I grinned, believing as he did that the reason I was happy was him.

"Who is it?" he asked with genuine curiosity. I was stunned. I had thought it had been apparent.

"W-w-well…" I stuttered, losing my footing and suddenly becoming very warm. I looked up at him, flushing and sheepish. "Y-you, Robin." I said.

He tried to remain impassive, but I distinctly heard the small, sharp intake of breath he took at my words.

"Oh," he said simply. This was a bad idea. I had caught him completely unaware. Bad, bad, bad, bad—

"I'm sorry…" he said, looking away from me and closing his eyes. I wanted to cry. I knew that this was the climactic moment dear Eponine never had the courage to face with Marius. Where she confesses her love and he turns her away.

He looked at me again and bit his lip, as if considering something.

It started to rain, quite hard, but I barely noticed. My attention was focused on him. I was caught between inhale and exhale, waiting patiently for his next words, whatever they may be. I felt like I would be holding my breath for eternity.

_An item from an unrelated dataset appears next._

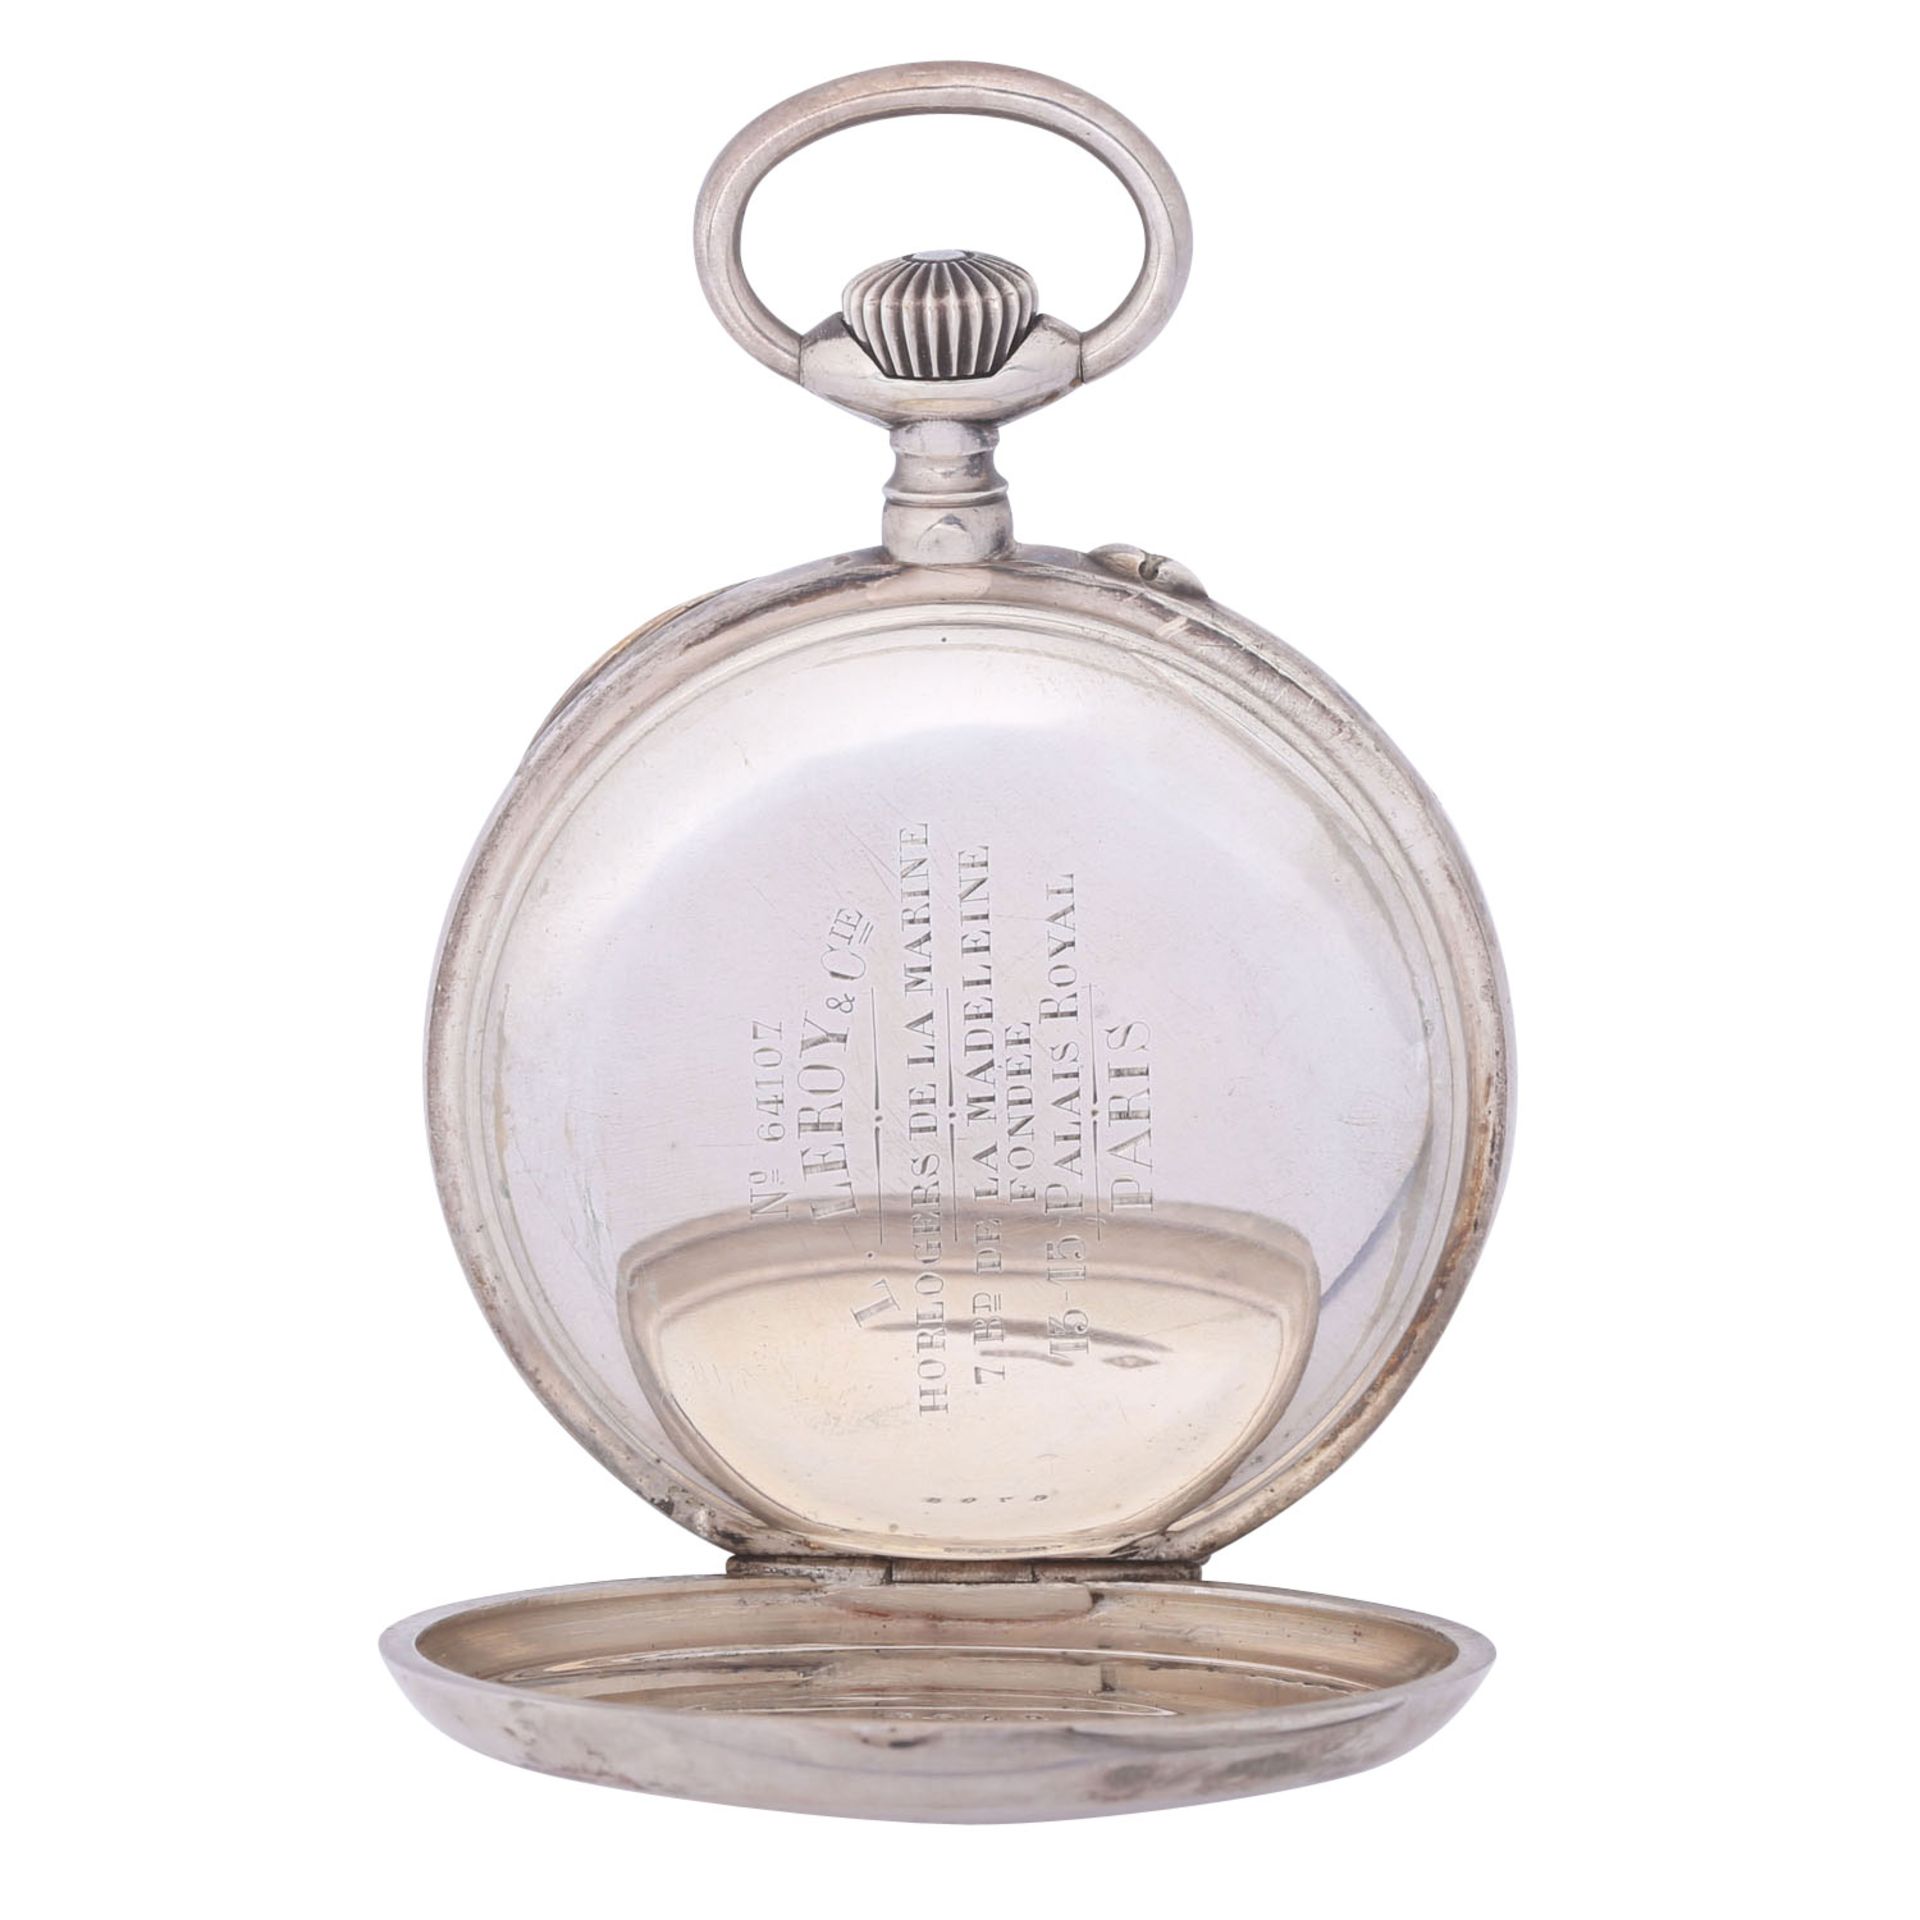 L. LEROY & Cie. Paris sehr seltener, großer und schwerer Taschenuhr Chronometer. Frankreich. - Image 3 of 12

"Star…" he said, his eyes confused and indecisive. "I don't know how to tell you this…"

No more. I could stand no more.

"I'm sorry for inconveniencing you, Robin," I said, my voice shaking. I must have been a sight. My hair dripping with water and my eyes glistening. In vain, I blamed my trembling on the cold rain.

"Starfire…" Robin said again, but now when he spoke my name, the word was like poison.

"Say no more," I said. "It is late, and I must retire to bed." I turned my back to him then. I could not stand the sight of his glorious visage any longer. I quickly made my way inside and slumped against the door.

"Don't you fret, Robin," I muttered to myself, tears streaking down my cheeks. "I don't feel any pain. A little fall of rain can hardly hurt me now…"

I was Eponine. Every single part of me longed to be part of him. And yet he continued to underestimate me.

Perhaps one day, I shall show him what he constantly overlooks.